Claimant also offered a statement from Dr. V which is as follows:
“to whom it may concern: This is to advise that I examined Frank Combs on May 2nd and 12th, 1958, and found him suffering from a possible back strain, lumbar region.”
This offer was objected to, and the trial judge sustained the objection.
The sole issue presented by petitioners is that there is no competent evidence to support the finding that the disability is due to an accidental injury.
Claimant argues that the statement of Dr. V was accepted and commented on and should therefore be considered. We find it unnecessary to determine this issue. There is nothing either in the report of Dr. B or Dr. V to indicate that it is their opinion that the accidental injury of November 8, 1957, or any other accidental injury arising out of and in the course of the employment caused the disability.
In De Shazer v. Nail, 207 Okl. 446, 250 P.2d 456, 457, it is stated:
“Where in a proceeding before the State Industrial Commission, the disability alleged to exist is of such character as to require skilled and professional men to determine the cause and extent thereof, the question is one of science and must necessarily be proved by the testimony of skilled professional persons.
“When medical expert testimony is essential to establish that the disability is a result of an accidental injury, an award of the State Industrial Commission which is not supported by competent medical testimony sufficient to establish as a fact that the disability resulted from an accidental injury will be vacated.”
See also Western Good Roads Service Co. v. Coombes, 185 Okl. 599, 95 P.2d 633.
Claimant cites M. B. K. Drilling Co. v. Malaski, 197 Okl. 318, 170 P.2d 245; Pittsburgh Plate Glass Co. v. Wade, 197 Okl. 681, 174 P.2d 378; Dierks Lumber & Coal Co. v. Lake, 200 Okl. 115, 190 P.2d 1006; and Aggas Drilling Co. v. Williams, 200 Okl. 277, 192 P.2d 995. In each of these cases a medical expert witness gave a history of the case and stated that the disability was due to an accidental injury. In Pittsburgh Plate Glass Co. v. Wade, supra, the medical expert witness gave a detailed history of the case and stated specifically that the claimant had a 50 percent permanent disability due to the accidental injury. Neither doctor for the claimant herein gave any history of the case or indicated the cause of the disability. There is no competent evidence reasonably tending to support the finding of the State Industrial Commission that the disability is due to an accidental injury. However, as suggested in De Shazer v. Nail, supra, we are of the opinion that claimant should have an opportunity to offer further testimony on this question.

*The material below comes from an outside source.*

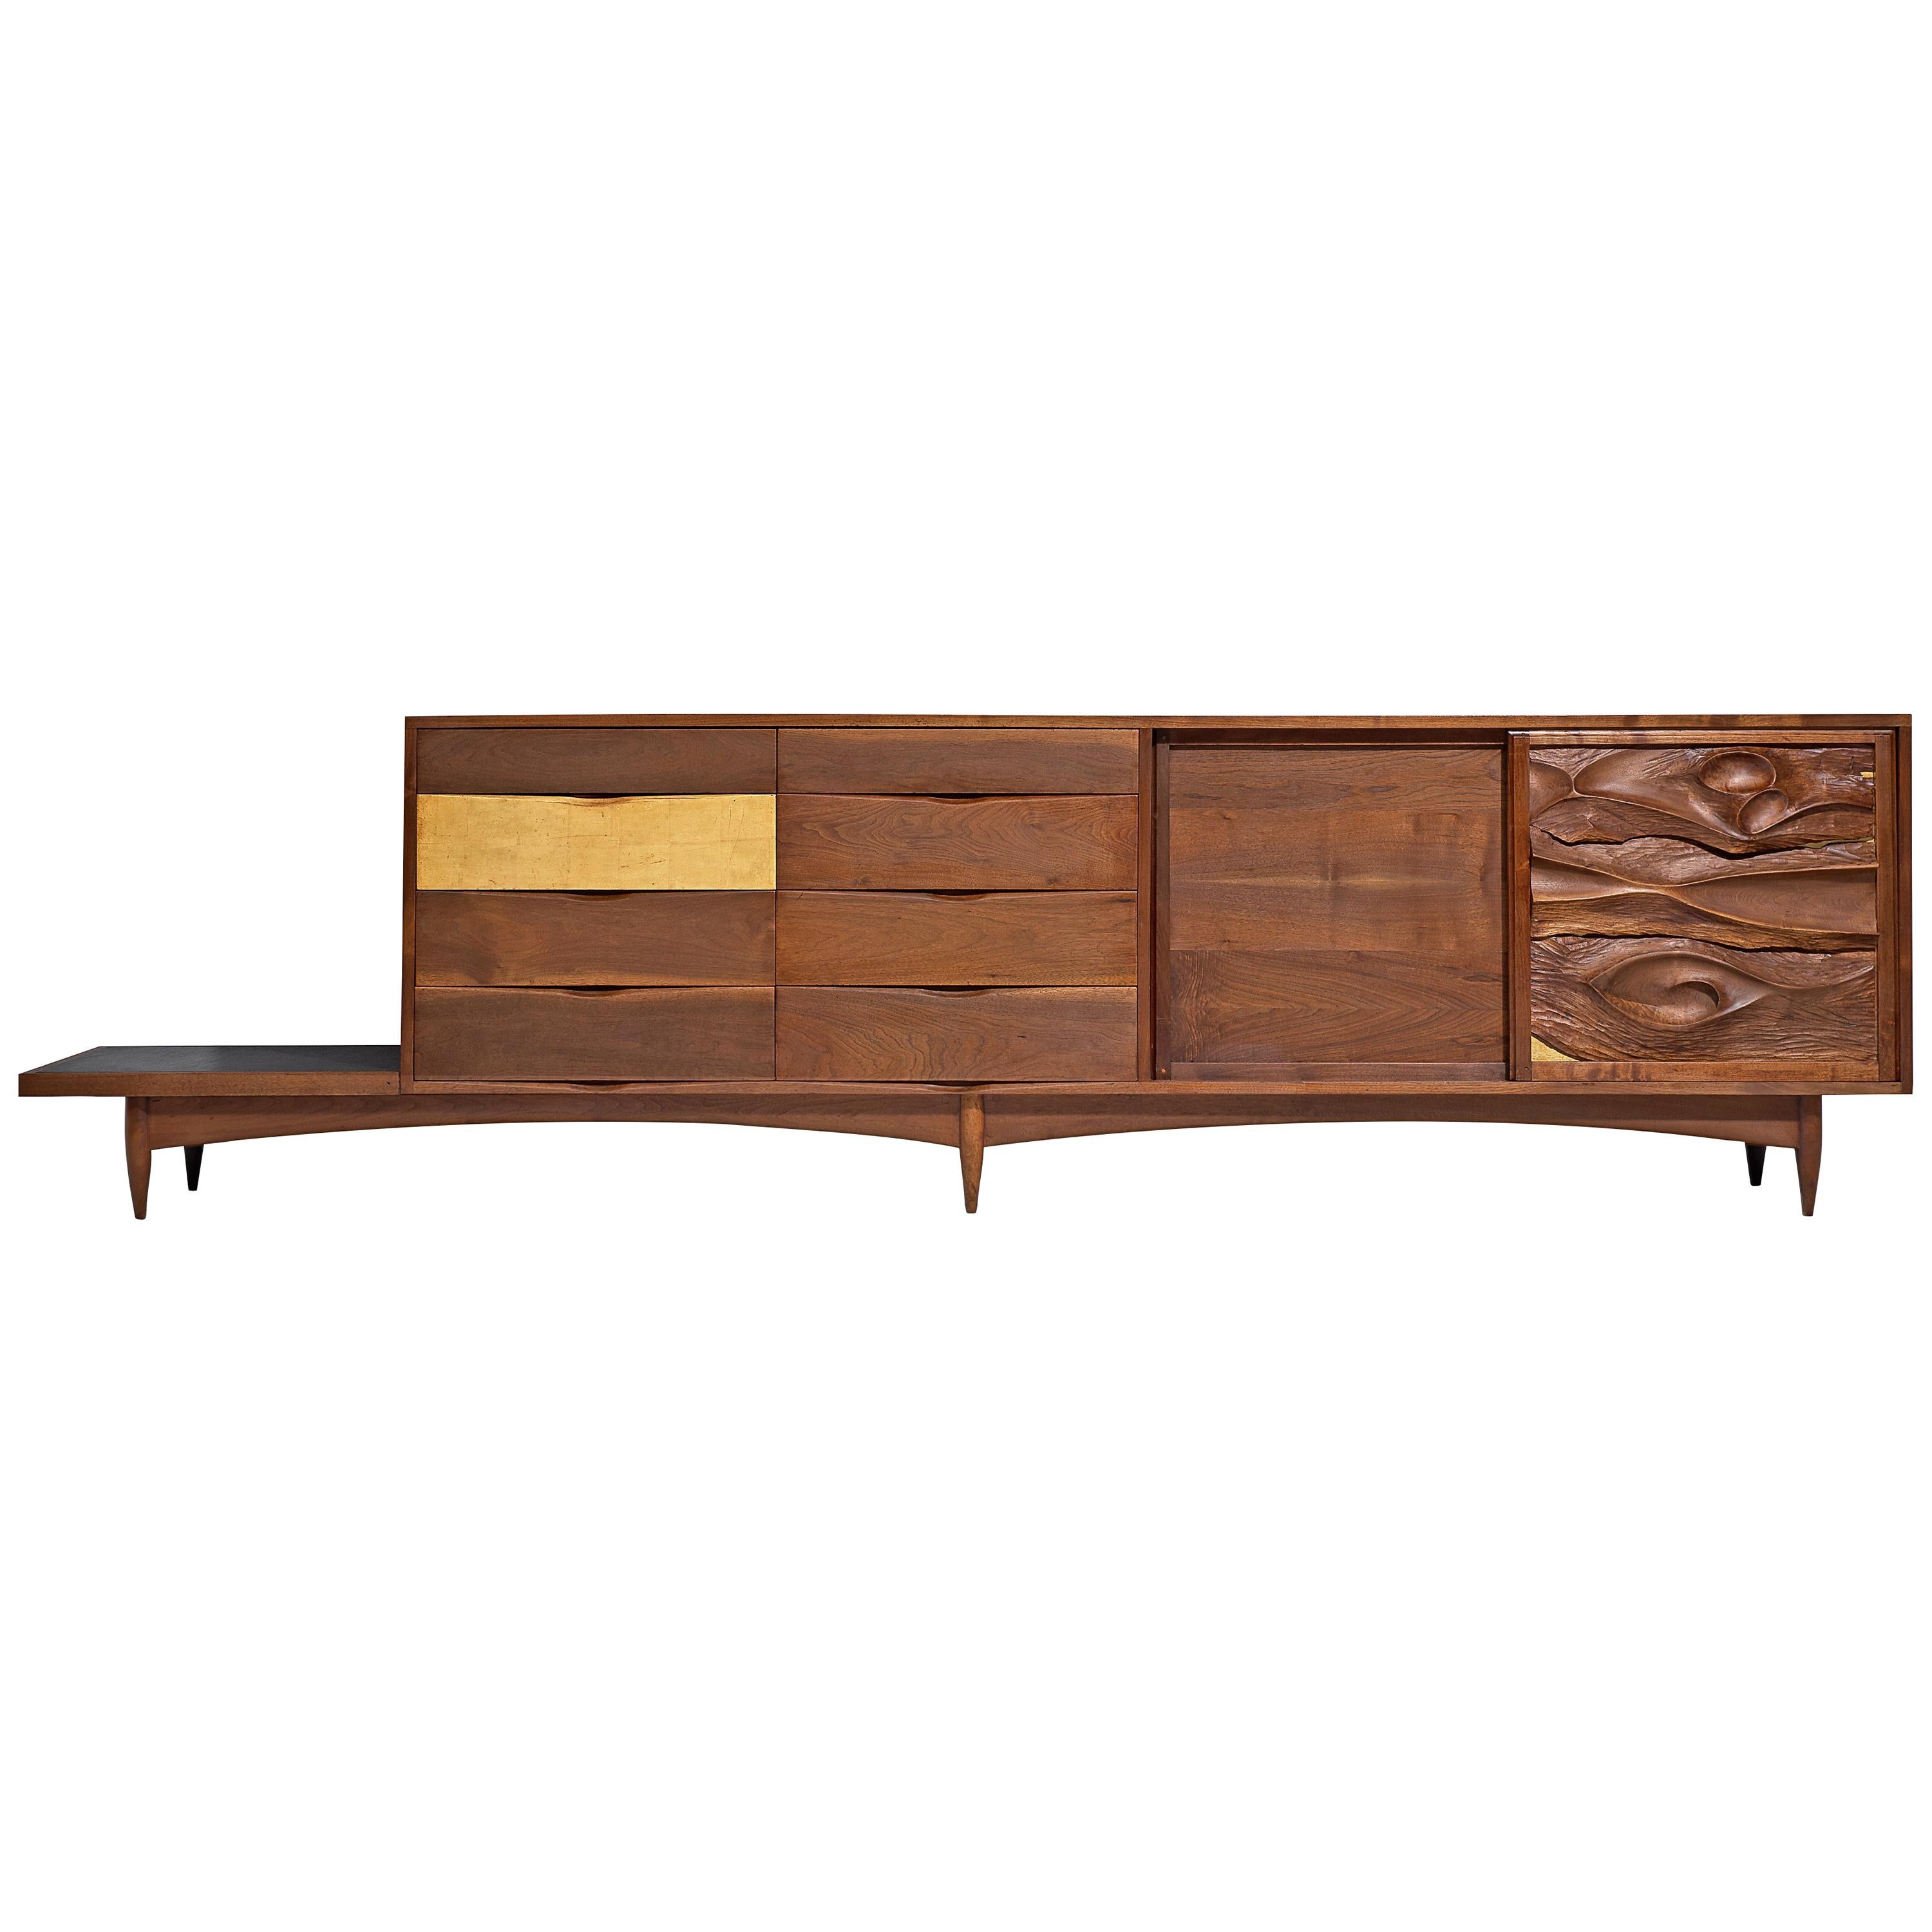 Large Phillip Lloyd Powell Sideboard in Solid American Walnut and Gold Leaf

There is another matter presented which we presume will be corrected on further proceedings. The award commences May 28, 1958, and it appears that claimant was being paid by the employer and was working at this time as he testified that he quit work June 25, 1958. The claimant cannot draw compensation for temporary total disability during the time he is employed and being paid. Therefore, the State Industrial Commission should fix
The award is vacated and the cause remanded to the State Industrial Commission for further proceedings in accordance with the views herein expressed.